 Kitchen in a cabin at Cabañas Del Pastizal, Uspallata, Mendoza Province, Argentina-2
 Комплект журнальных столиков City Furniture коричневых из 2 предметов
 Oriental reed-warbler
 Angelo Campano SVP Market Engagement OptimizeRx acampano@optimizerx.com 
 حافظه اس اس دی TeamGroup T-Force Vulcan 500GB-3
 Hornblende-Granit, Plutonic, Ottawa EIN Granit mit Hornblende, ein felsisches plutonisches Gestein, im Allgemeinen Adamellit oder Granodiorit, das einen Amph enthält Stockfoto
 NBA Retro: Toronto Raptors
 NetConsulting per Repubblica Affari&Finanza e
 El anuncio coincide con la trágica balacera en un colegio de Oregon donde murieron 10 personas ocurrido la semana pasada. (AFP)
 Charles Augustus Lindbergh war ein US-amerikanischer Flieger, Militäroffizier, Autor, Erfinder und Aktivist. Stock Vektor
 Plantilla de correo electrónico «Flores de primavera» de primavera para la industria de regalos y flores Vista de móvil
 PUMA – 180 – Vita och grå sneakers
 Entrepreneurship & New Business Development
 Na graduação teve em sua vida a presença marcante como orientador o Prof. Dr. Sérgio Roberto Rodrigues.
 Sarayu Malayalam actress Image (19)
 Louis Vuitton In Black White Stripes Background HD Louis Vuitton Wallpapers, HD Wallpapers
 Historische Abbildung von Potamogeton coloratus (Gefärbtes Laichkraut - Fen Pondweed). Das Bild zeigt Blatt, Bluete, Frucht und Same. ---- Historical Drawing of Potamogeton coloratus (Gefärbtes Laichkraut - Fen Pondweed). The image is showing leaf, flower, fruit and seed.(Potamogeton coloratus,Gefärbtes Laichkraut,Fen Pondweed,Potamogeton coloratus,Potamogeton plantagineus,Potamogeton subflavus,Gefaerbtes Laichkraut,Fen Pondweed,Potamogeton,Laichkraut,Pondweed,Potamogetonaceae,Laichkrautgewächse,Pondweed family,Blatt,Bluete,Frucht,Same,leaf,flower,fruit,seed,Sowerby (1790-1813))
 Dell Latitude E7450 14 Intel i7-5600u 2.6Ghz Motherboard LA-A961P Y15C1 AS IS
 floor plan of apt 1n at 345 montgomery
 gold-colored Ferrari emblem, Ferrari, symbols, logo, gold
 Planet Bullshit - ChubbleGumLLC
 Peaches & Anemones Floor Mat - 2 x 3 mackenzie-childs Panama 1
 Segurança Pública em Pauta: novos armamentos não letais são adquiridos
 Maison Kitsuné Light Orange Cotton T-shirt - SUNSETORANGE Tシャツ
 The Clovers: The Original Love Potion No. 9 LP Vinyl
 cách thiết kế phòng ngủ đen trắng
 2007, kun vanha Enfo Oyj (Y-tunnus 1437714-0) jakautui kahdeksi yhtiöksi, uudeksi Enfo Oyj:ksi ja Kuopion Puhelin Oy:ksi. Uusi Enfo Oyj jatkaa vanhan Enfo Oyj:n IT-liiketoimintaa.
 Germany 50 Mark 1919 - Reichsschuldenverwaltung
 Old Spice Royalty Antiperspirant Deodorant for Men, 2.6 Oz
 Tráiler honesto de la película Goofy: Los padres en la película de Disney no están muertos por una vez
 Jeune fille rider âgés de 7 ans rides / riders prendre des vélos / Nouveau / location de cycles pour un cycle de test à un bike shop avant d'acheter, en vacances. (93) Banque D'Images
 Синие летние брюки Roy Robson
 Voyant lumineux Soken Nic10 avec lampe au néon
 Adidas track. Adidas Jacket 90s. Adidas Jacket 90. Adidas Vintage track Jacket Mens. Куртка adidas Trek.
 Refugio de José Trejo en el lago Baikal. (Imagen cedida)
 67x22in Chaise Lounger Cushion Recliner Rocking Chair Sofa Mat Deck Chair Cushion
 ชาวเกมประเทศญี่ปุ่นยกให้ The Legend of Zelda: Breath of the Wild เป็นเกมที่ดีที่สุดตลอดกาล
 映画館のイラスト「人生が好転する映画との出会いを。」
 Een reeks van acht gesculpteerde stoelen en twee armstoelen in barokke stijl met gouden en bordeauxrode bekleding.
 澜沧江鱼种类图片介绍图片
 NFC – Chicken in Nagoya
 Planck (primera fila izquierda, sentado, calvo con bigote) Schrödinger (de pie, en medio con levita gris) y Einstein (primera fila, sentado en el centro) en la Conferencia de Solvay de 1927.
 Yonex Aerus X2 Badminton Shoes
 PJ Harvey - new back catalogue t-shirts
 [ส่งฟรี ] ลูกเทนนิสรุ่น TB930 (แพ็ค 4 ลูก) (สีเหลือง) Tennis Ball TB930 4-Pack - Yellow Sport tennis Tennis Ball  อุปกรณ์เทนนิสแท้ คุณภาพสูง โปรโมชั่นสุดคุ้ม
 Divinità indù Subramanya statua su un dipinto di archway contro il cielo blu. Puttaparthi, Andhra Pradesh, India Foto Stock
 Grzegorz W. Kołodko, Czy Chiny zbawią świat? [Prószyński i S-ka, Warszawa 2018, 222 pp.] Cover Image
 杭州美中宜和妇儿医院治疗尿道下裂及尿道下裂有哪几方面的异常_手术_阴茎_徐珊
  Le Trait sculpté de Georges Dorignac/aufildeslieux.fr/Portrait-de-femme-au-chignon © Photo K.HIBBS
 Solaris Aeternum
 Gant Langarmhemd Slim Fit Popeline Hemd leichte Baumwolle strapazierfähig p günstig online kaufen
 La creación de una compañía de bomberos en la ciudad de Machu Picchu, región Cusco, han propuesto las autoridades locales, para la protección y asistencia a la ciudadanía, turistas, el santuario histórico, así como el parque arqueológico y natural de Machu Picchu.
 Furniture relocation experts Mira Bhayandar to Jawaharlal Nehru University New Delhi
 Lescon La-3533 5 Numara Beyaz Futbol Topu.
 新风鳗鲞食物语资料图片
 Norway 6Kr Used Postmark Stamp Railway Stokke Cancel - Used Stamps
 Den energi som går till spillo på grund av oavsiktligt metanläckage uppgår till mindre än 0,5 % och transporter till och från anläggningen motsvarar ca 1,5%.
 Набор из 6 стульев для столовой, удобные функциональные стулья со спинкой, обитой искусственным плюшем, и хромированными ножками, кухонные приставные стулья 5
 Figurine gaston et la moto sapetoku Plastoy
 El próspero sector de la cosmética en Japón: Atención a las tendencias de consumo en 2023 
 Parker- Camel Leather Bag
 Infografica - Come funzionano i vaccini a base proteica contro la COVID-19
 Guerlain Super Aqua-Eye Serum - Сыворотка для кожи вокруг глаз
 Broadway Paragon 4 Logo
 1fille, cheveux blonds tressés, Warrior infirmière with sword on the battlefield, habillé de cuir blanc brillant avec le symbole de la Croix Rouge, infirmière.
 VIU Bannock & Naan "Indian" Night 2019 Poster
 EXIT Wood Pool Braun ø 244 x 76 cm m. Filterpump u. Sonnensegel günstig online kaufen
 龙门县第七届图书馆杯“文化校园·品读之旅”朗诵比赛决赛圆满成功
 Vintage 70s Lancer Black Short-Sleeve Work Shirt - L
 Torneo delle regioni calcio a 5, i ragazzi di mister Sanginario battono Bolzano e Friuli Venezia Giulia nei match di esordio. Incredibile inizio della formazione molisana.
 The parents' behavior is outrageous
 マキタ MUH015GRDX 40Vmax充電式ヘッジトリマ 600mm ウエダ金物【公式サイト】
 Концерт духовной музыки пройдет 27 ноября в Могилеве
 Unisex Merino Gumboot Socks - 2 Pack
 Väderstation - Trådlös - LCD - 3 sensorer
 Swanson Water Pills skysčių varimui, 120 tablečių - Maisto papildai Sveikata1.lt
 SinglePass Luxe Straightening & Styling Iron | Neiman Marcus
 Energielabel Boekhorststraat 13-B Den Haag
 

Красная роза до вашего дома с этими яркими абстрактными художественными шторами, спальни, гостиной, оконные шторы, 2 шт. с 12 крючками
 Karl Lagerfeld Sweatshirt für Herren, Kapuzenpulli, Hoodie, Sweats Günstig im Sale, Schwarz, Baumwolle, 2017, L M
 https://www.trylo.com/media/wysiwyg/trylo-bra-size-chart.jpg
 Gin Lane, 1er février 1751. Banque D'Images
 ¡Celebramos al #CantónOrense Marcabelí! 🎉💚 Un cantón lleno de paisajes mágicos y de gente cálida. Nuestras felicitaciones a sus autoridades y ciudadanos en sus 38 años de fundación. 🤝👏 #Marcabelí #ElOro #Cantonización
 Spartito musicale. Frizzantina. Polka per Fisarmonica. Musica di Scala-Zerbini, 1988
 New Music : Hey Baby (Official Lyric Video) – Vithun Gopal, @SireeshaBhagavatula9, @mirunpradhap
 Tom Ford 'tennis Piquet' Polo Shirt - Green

========================================================================

### WHAT IS BEING ASKED
For the material above, what is the count of lines that hold the word "kaufen"? Give the number by itself.

### RESPONSE TO THE TASK
2